Saturday, January 14, 2012

The Sky is Everywhere by Jandy Nelson Review

The Sky is Everywhere by Jandy Nelson
Publisher: speak (penguin group)
Genre: YA Contemporary
From: Christmas Present

Synopsis: Seventeen-year-old Lennie Walker, bookworm and band geek, plays second clarinet and spends her time tucked safely and happily in the shadow of her fiery older sister, Bailey. But when Bailey dies abruptly, Lennie is catapulted to center stage of her own life - and, despite her nonexistent history with boys, suddenly finds herself struggling to balance two. Toby was Bailey's boyfriend; his grief mirrors Lennie's own. Joe is the new boy in town, a transplant from Paris whose nearly magical grin is matched only by his musical talent. For Lennie, they're the sun and the moon; one boy takes her out of her sorrow, the other comforts her in it. But just like their celestial counterparts, they can't collide without the whole wide world exploding.
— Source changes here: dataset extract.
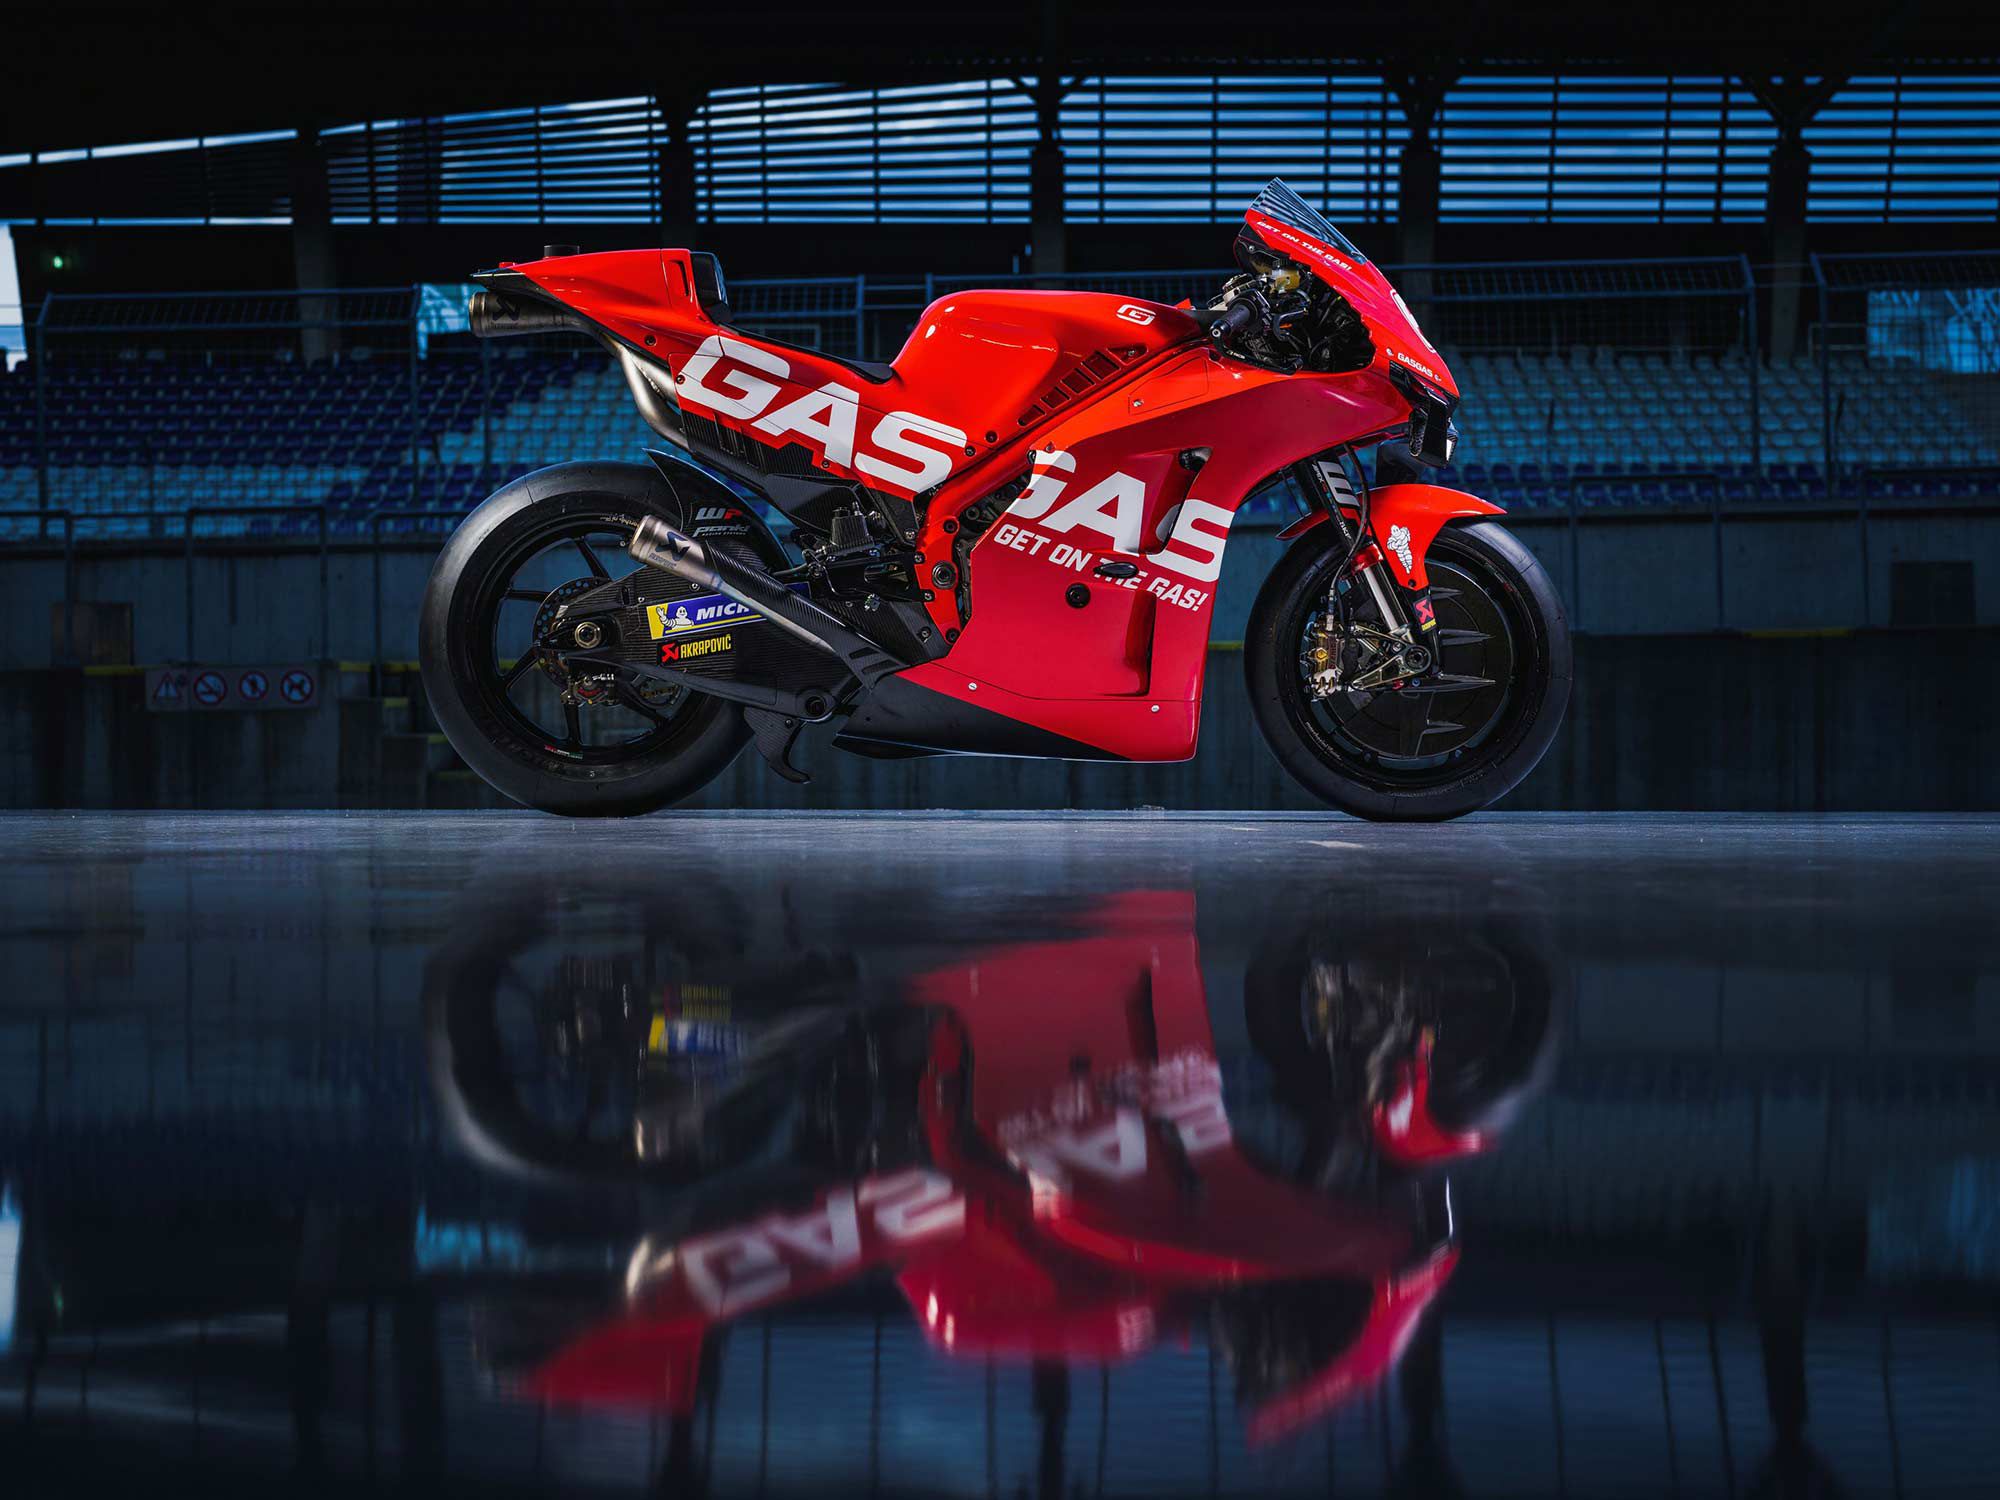 GasGas will be the sixth manufacturer on the MotoGP grid in 2023.
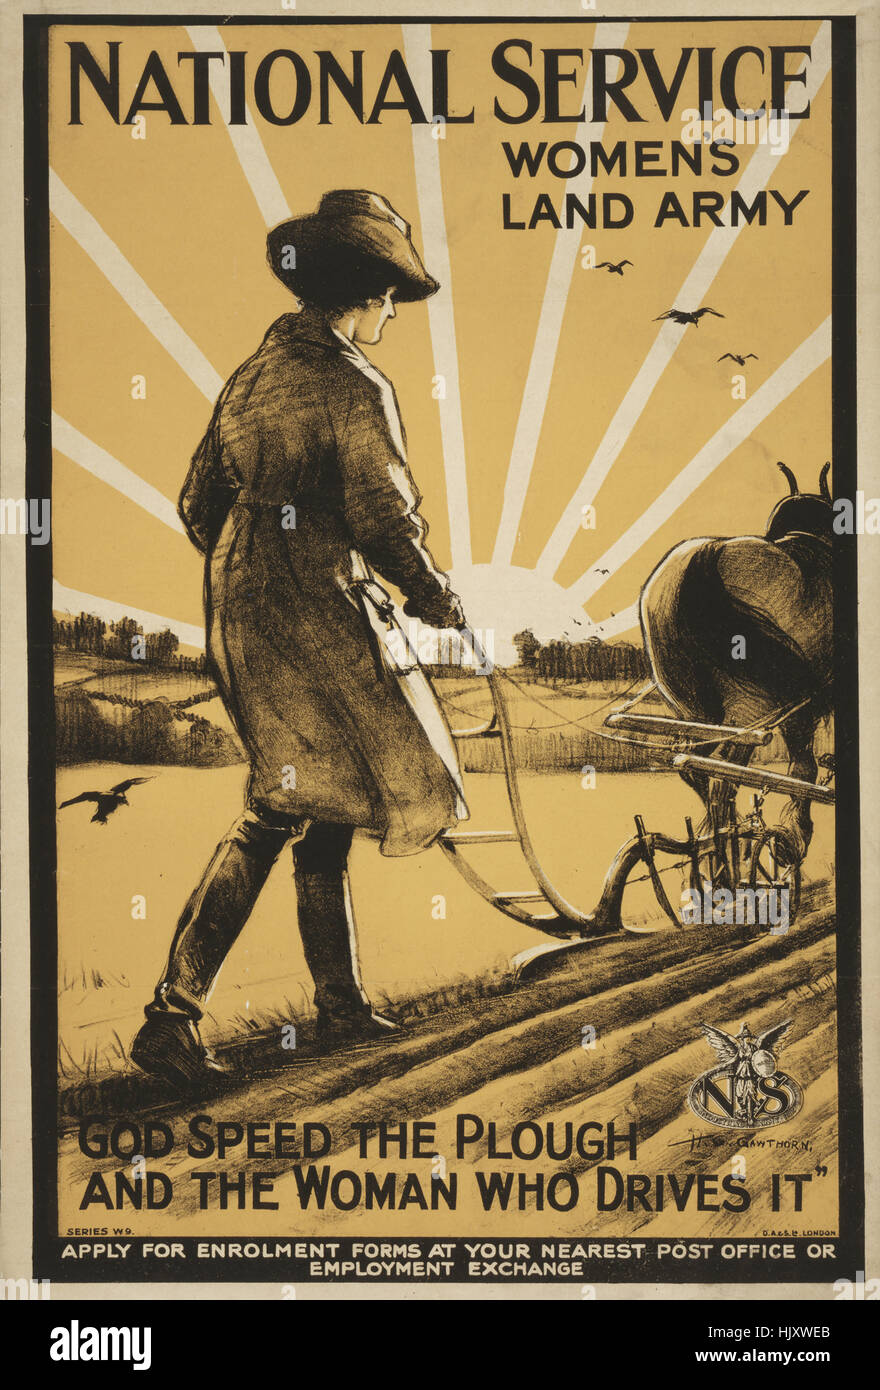 Woman Using Plow Pulled by Horse, 'National Service Women's Land Army, God Speed the Plough and the Woman who Drives it', World War I Recruitment Poster, by Henry George Gawthorn, United Kingdom, 1917 Stock Photo

This remarkable debut is perfect for fans of Sarah Dessen, Deb Caletti, and Francesca Lia Block. Just as much a celebration of love as it is a portrait of loss, Lennie's struggle to sort her own melody out of the noise around her is always honest, often hilarious, and ultimately unforgettable.

In some ways Lennie is just like me; she is a clarinet player, can't stop thinking about boys, and has this great passion.  I slid this book into my bag because of these similarities.  I raced through the book because of Lennie's grief and love.  I had lost someone the day I picked it up.  I could relate to what she was going through because I was going through the exact same thing. 
       It must have been easy for Jandy to write this (easy: in terms of writing a book) because I read as much passion in the writing as Lennie blasts through her clarinet.  Jandy had to write all the poems Lennie left all over town, and in some ways that was my favorite part; when I paused at the end of a chapter and saw a poem waiting for me, it made me want to forge forward to the next chapter.  A paperback of this book was in my stocking this year and I have destroyed it already.  My second grade librarian would die if she saw all the stuff I've done to this book.  I've written in the margins, bordered my favorite parts, and underlined all these delicious similes and metaphors Jandy has left nicely packaged in the paragraphs.  My pen is the bookmark, and if that doesn't destroy the spine the constant bending back of the cover will.  When I'm done, this book will look like Lennie's copy of Wuthering Heights. 
        The writing is so amazing that I'm surprised when the twists  come even though I've read it before there are some books that just make me want to play music or write.  Inspiration is a truly rare gift that agonizing hours of searching can not give you, it is discovered.
         I suppose I should write a little about Joe because he is undeniably amazing.  I fell in love with his smile.  The way he saw Lennie, he didn't know her but he came to her house because he knew about her passion in music.  Boys are so simple minded, they can only focus on one thing and for Joe that is music.  It is the way he measured every thing in life.  If only he would drop out of the pages and play his guitar for me while smiling his million watt smile. 
         I haven't gotten to the heart-wrecking decision, Toby-or- Joe part yet (I'm re-reading), and I know it's coming so I've been reading slower to avoid the inevitable.  I want to believe it won't come, but I'm a realistic person and just because the cover is different doesn't mean the story will be in anyway changed. 
Status: Dreading the end.

Score: 10/10- This book is so different from everything else on the shelves.